For a refrigerator oil for use in lubrication of sliding parts of refrigerating machines such as a room air conditioner, a car air conditioner, a car cooler and a refrigerator is required to be excellent in stability in the presence of refrigrants, anti-seizure properties and low temperature solubility, to be free from formation of valve sludge, and further to be excellent in anti-wear properties.
As a refrigerator oil to meet the above requirements, Japanese Patent Publication No. 44119/1980 discloses a composition composed of a naphthene base oil and a paraffin base oil. This composition, however, has a disadvantage in that the naphthene base oil to be used as a main component is not easily available because of a shortage of a naphthene base crude oil. On the other hand, a paraffin base oil is steadily available, but is poor in stability and low temperature solubility in the condition that is in contact with a refrigerant.
In view of the above problem, it has been proposed to improve the anti-wear properties in the condition that is in contact with a refrigerant, by adjusting the total sulfur content of a refrigerator oil. Japanese Patent Application Laid-Open No. 8294/1982, for example, discloses a refrigerating machine oil composition in which the total sulfur content is adjusted to not less than 0.14 wt % to improve properties such as anti-wear properties. Japanese Patent Publication No. 1357/1985 discloses a refrigerator oil composition in which a base oil composed mainly of alkylbenzene is used and the total sulfur content is adjusted to a specified range in relation to viscosity.
The above refrigerator oils, however, still have problems such as formation of valve sludge and low anti-wear properties in their practical use.
The present invention is intended to overcome the above problems, and an object of the present invention is to provide a refrigerator oil composition which prevents formation of valve sludge, is excellent in anti-wear properties and further which is excellent in stability, anti-seizure properties and low temperature solubility in the condition that is in contact with a refrigerant.
It has been found that the object can be attained by using a composition comprising a paraffin base oil having specified properties as a base component, with a naphthene base oil having specified properties compounded thereto, and adjusted in sulfur content to a specified range.

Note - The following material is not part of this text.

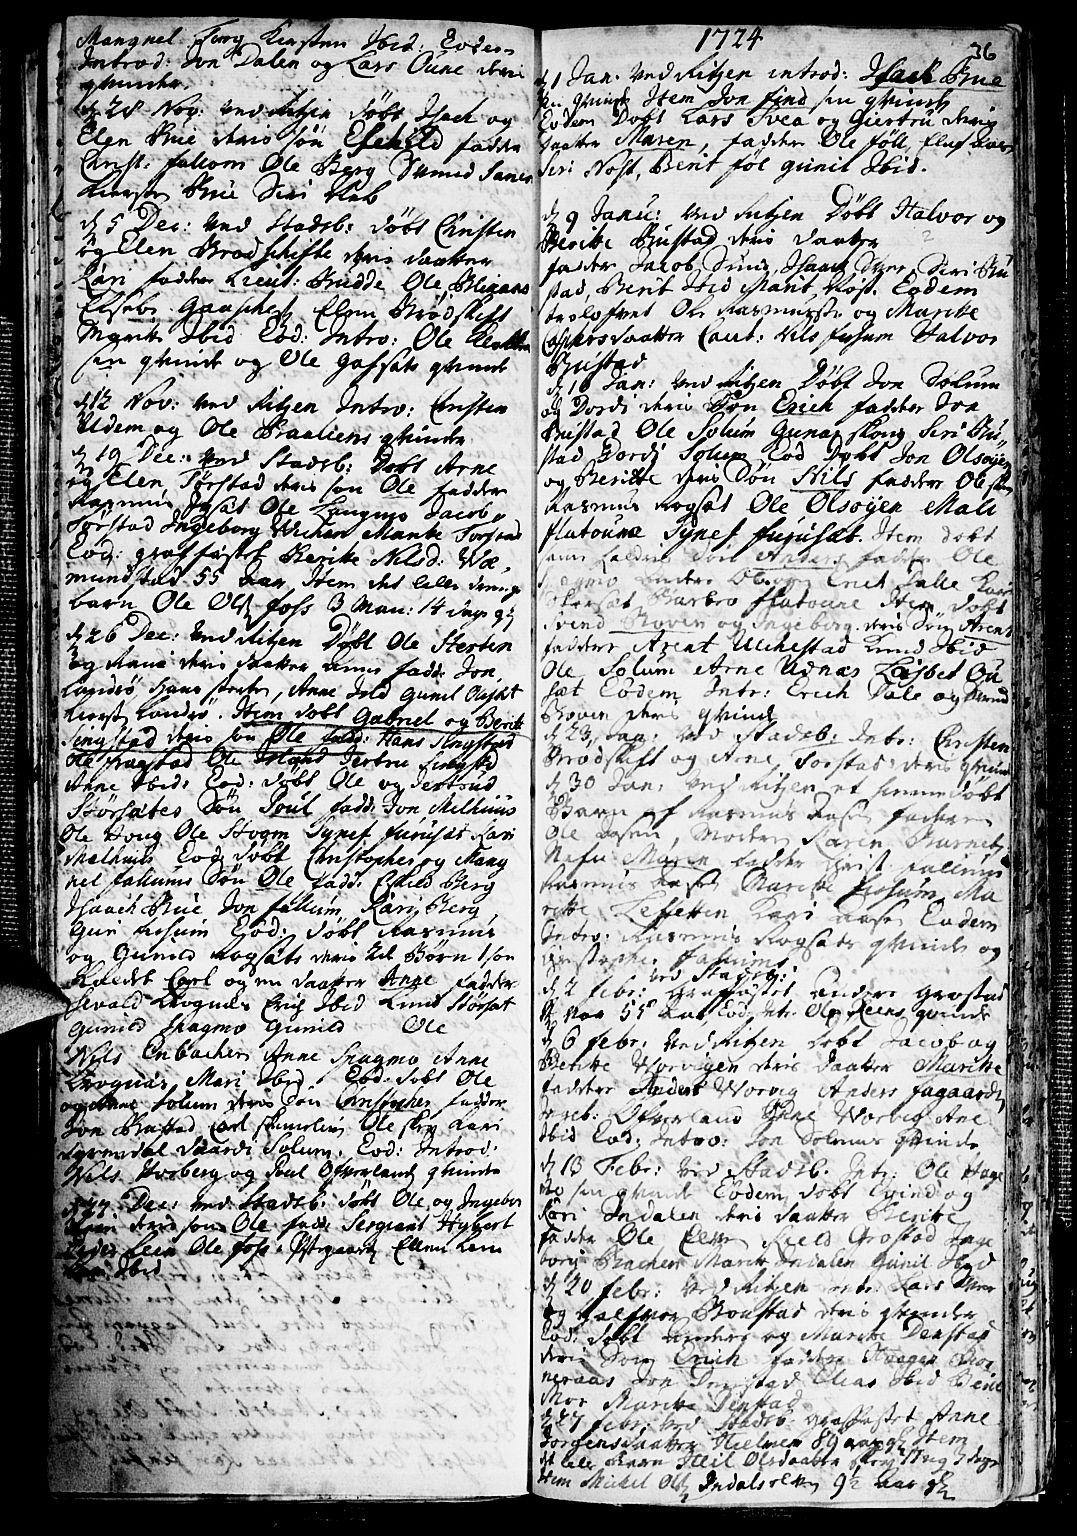 SAT, Ministerialprotokoller, klokkerbøker og fødselsregistre - Sør-Trøndelag, 646/L0603: Ministerialbok nr. 646A01, 1700-1734, s. 36

The present invention relates to a refrigerator oil composition which comprise 70 to 98 wt % of a paraffin base oil having a pour point of not more than -35°C, a sulfur content of not more than 50 ppm (parts per million), and a kinematic viscosity at 40°C of 5 to 500 cSt (centistokes) and 30 to 2 wt % of a naphthene base oil having a pour point of not more than -35°C, a sulfur content of 0.05 to 1 wt % and a kinematic viscosity at 40°C of 5 to 500 cSt, and in which the sulfur content is 0.01 to 0.10 wt %.
The paraffin base oil which is used as the main component of the refrigerator oil composition of the present invention has the following properties. That is, the pour point (determined according to JIS K-2269) is not more than -35°C and preferably not more than -40° C.; the sulfur content is not more than 50 ppm and preferably not more than 30 ppm; and the kinematic viscosity at 40°C is 5 to 500 cSt and particularly preferably 6 to 30 cSt in that the energy needed in operation of a refrigerator can be saved. If the pour point is more than -35°C, the refrigerator oil does not work smoothly when used at a very low temperature. If the sulfur content is in excess of 50 ppm, the stability in the atmosphere of Furon is undesirably reduced. If the kinematic viscosity at 40°C is less than 5 cSt, the anti-seizure properties is seriously reduced and thus the refrigerator becomes impossible to operate. On the other hand, if the kinematic viscosity at 40°C is in excess of 500 cSt, the energy loss due to viscosity resistance is undesirably increased.
The paraffin base oil can be obtained by purifying a distilled oil (having a boiling point of 250° to 450°C under atmospheric pressure) resulting from distillation of a paraffin crude oil by the usual procedure and then subjecting it to deep-dewaxing treatment.
The distilled oil means an oil as obtained by distilling under atmospheric pressure a crude oil or by distilling under reduced pressure a residual oil resulting from distillation under atmospheric pressure of a crude oil.
The method of purification of the distilled oil is not critical; that is, the distilled oil can be purified by any of the following methods (1) to (5).
Treatment (1): the distilled oil is hydrogenated, or is subjected to alkali treatment and/or sulfuric acid treatment after hydrogenation.
Treatment (2): the distilled oil is subjected to solvent extracting, or is subjected to alkali treatment and/or sulfuric acid treatment after solvent extracting.
Treatment (3): the distilled oil is hydrogenated and subsequently is subjected to the second stage hydrogenation treatment.
Treatment (4): the distilled oil is hydrogenated and then is subjected to the second stage hydrogenation treatment and further to the third stage hydrogenation treatment.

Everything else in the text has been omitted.